Hormone measurements

Blood was collected by cardiac puncture. Serum thyroid-stimulating hormone (TSH) was measured using a sensitive, heterologous, disequilibrium double-antibody precipitation RIA (Pohlenz, et al. 1999), and results were expressed in mU/liter. All samples were individually analyzed for each mouse. Total T4 concentrations were measured by a solid- phase RIA (Coat-a-Count; Diagnostic Products Corp., Los Angeles, CA) adapted for mice. Values of the respective limits of assays sensitivities were assigned to samples with undetectable TSH and T4 concentration.

Immunohistochemistry

6 μm sections were subjected to antigen retrieval, incubated with antibodies against Thyroglobulin and Ki67 (Dako Carpinteria, CA), or Vimentin, E-Cadherin, pAKT-S473 (Cell Signaling, Danvers, MA), and counterstained with hematoxylin.

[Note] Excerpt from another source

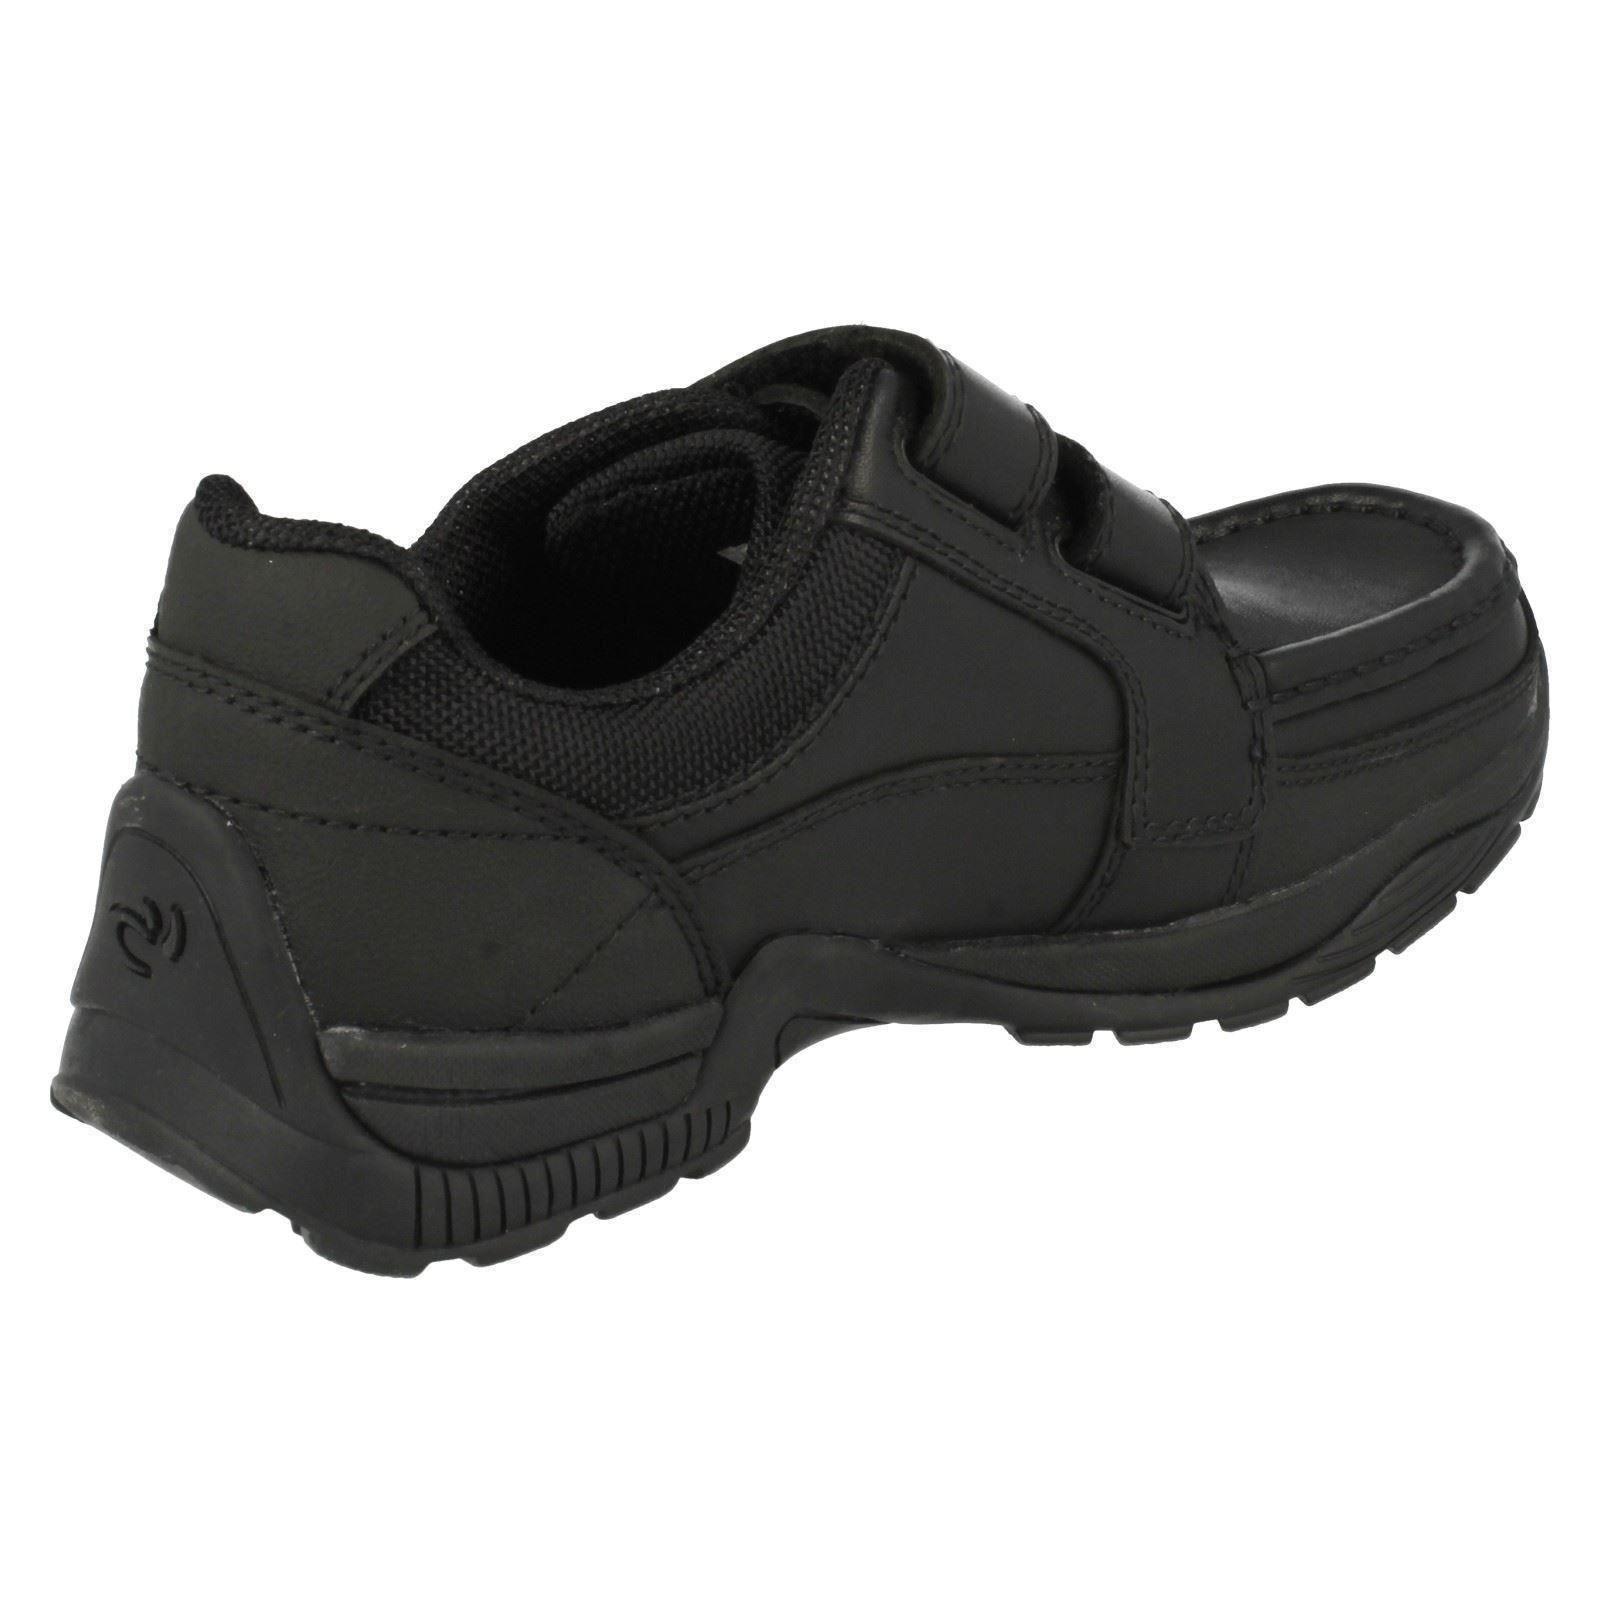 Senior Boys Rhino By Startrite Formal School Shoes Miles
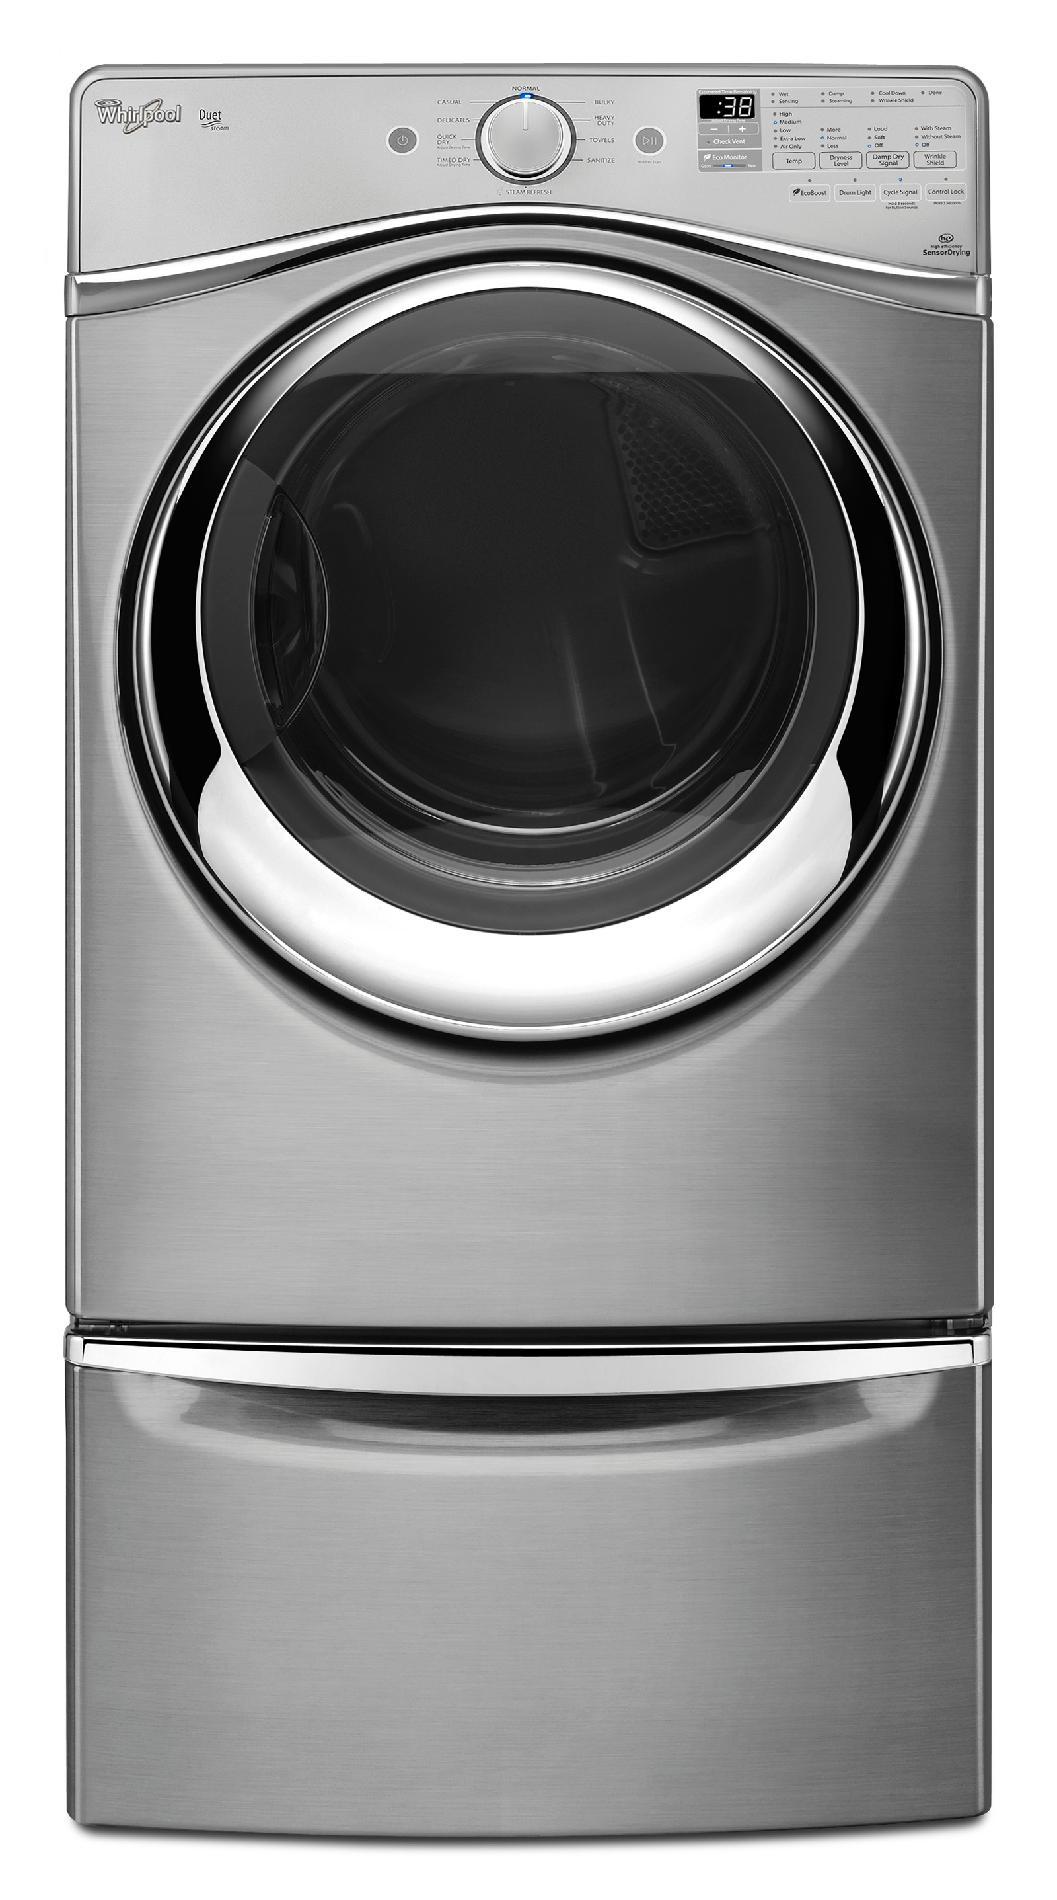 Whirlpool WGD95HEDU 7.4 cu. ft. Duet® Gas Dryer w/ Stainless Steel Drum - Diamond Steel

Establishment and maintenance of cell lines

Primary thyroid tumors were minced and resuspended in Ham’s F12/10% FBS with 100 U/ml type I collagenase (Sigma, St. Louis, MO) and 1 U/ml dispase (Roche, Indianapolis, IN). Enzymatic digestion was carried out for 60 min at 37°C. After digestion, cells were seeded in Ham’s F12 containing 40% Nu-Serum IV (Collaborative Biomedical, Bedford, MA), gly-his-lys (10ng/ml, Sigma), and somatostatin (10ng/ml, Sigma) and allowed to spread and reach confluence before being passaged. After the fourth passage, tumor cells were adapted to grow in DMEM/10%FBS.

Cal62 cells were grown in RPMI/10%FBS. Identity was validated by amplifying and sequencing genomic fragments encompassing their known mutation (KRAS G12R).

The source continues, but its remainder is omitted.